TASK TO CARRY OUT -> Please set down exactly the lines of the listing below from the line containing "предлагаем фото морского" through the line containing "ราคา Barel Jpn", both lines included, leaving out all other lines.

SOURCE DATA ->
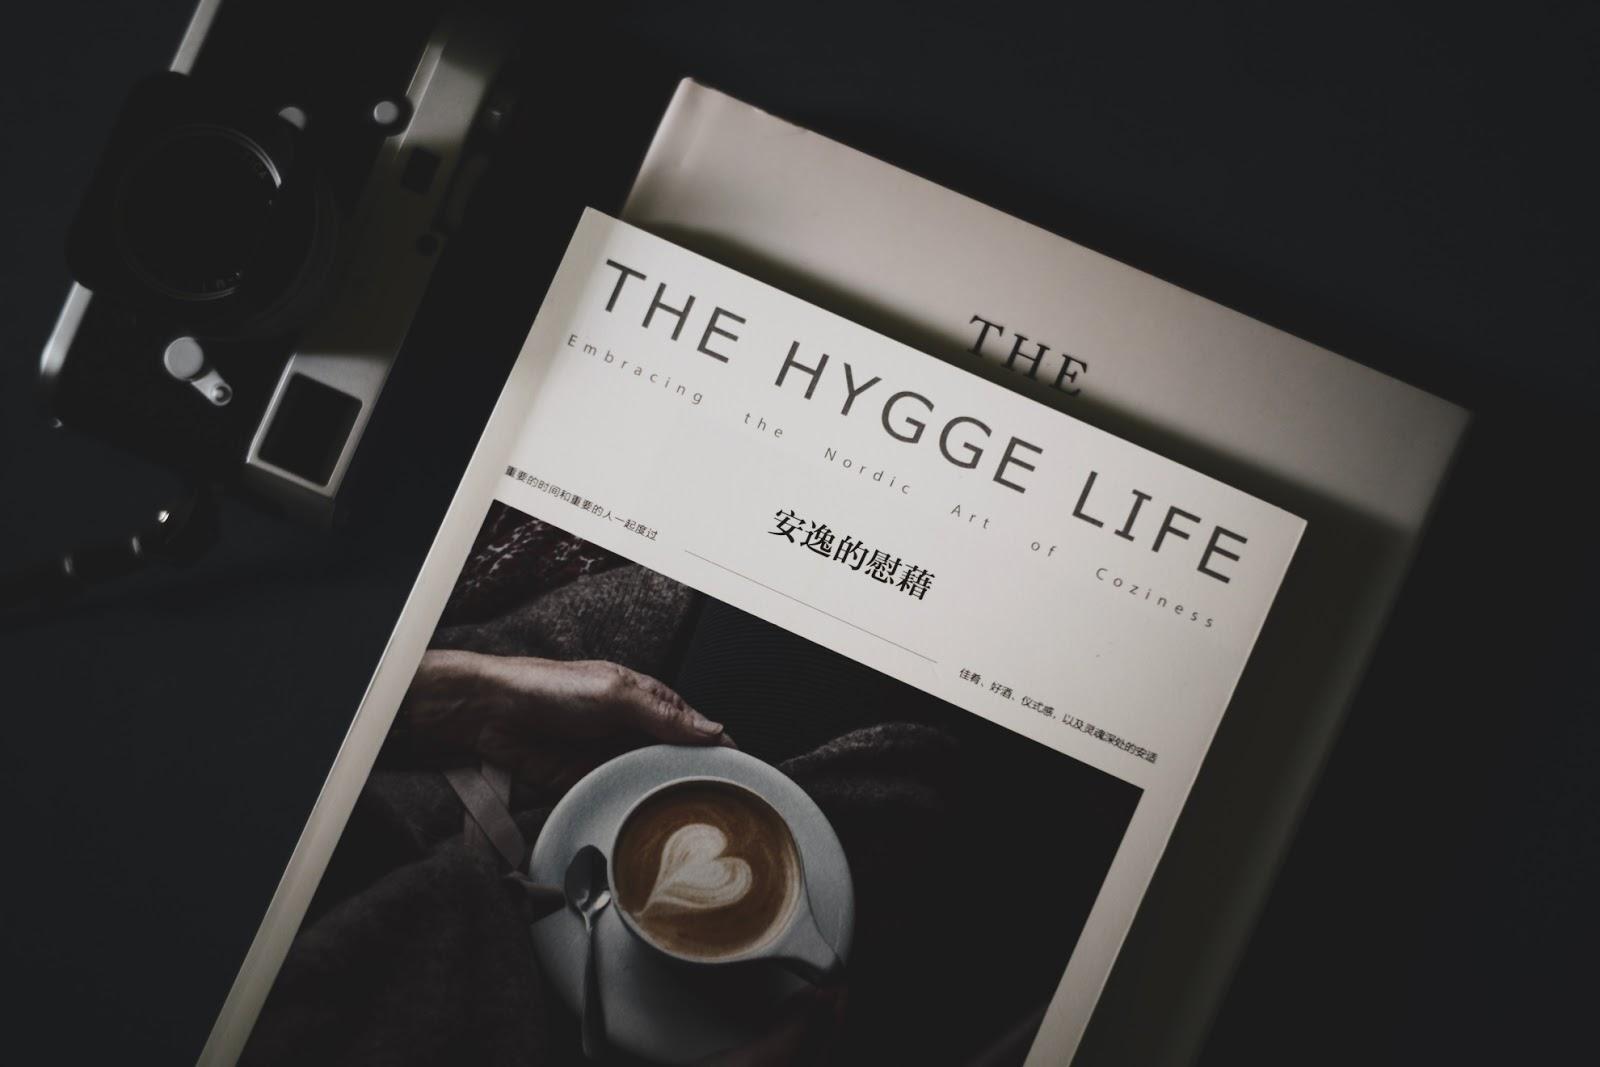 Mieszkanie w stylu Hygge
==
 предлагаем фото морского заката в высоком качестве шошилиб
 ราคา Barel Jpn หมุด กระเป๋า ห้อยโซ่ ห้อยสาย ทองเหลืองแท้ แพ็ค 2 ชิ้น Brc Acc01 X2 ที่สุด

ANSWER FOR THE TASK ->
 предлагаем фото морского заката в высоком качестве шошилиб
 ราคา Barel Jpn หมุด กระเป๋า ห้อยโซ่ ห้อยสาย ทองเหลืองแท้ แพ็ค 2 ชิ้น Brc Acc01 X2 ที่สุด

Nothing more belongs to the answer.